4. Linkages between Purchases & Billing
Ordering, administering, and processing drug reimbursements may all be handled differently in various hospitals. Pharmacies may be asked to reconcile the linkage between medication expenses and the charge master, potentially resulting in erroneous reimbursement. For your drug dispensing organization, having a system in place that simplifies the entire process might be a godsend.
Your patients will feel better at ease receiving their medicine from their doctor. It will not only save them a trip to the pharmacy, but it will also ensure that any questions they may have regarding their medicine will be fully answered. You can make this part of your practice efficient, profitable, and a selling point for your offices by following best pharmacy billing and reimbursement practices.
5. Coding
Coding is another important consideration to avoid costly mistakes. Drugs must be coded appropriately in HCPCS and represented correctly in the charge master. It is possible that the pharmacy will not be reimbursed if this is not done correctly.
6. Drug prices
Drug prices, like any other product, are subject to market forces. However, there are a few corridors through which medicine may be obtained at a lower cost. Hospitals, for example, may frequently purchase pharmaceuticals at higher rates than fixed-fee payers can. Generic options that are less expensive are frequently overlooked. You may gain economies of scale by having a system in place to do frequent price research and compare drug spending to reimbursement.

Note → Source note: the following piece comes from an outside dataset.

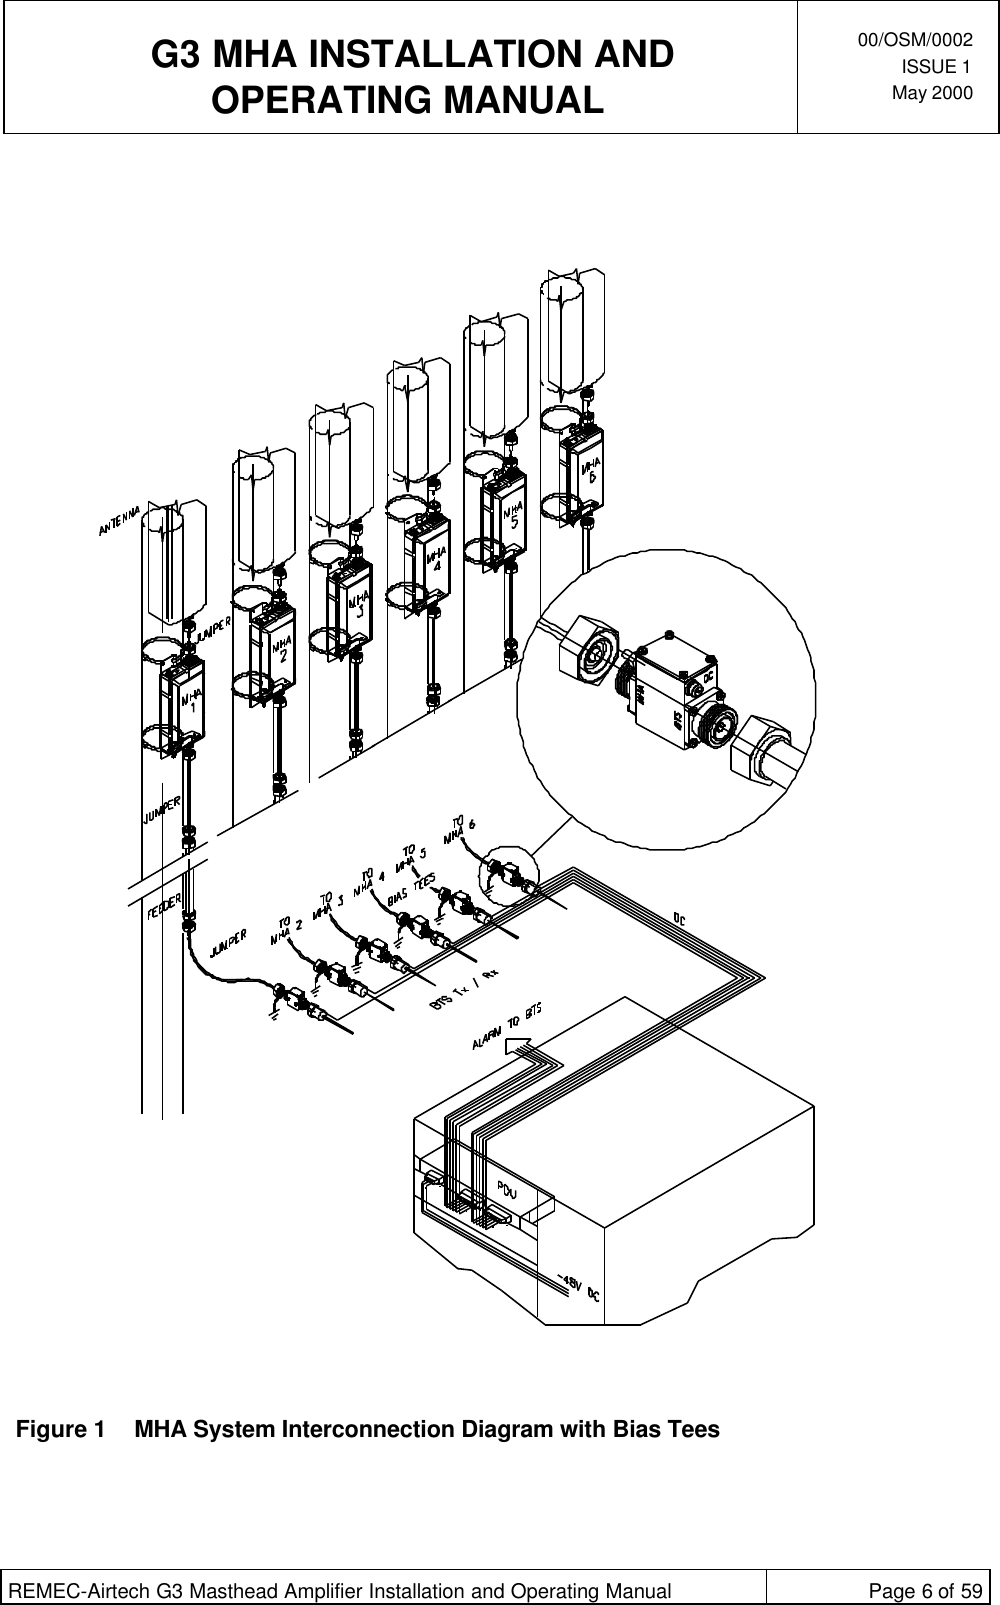  G3 MHA INSTALLATION ANDOPERATING MANUAL00/OSM/0002ISSUE 1May 2000REMEC-Airtech G3 Masthead Amplifier Installation and Operating Manual Page 6 of 59Figure 1 MHA System Interconnection Diagram with Bias Tees

7. Rules & regulations & Compliances
In terms of legality and standards, the healthcare field, particularly anything involving drugs, is a volatile space. Failure to keep up with the ever-changing CMS drug-related requirements might result in your practice being labeled non-compliant and losing out on payment. To avoid this, pharmacies must adhere to the CPT (Current Procedural Terminology) codes provided to pharmacists who do Medication Therapy Management (MTM). On all claims, pharmacies must provide the NPI as well as the NPI of the prescriber.
We hope that all the information and knowledge about pharmacy billing and reimbursement provided in this article can help you when taking the PTCB® exam as well as working in the pharmacy.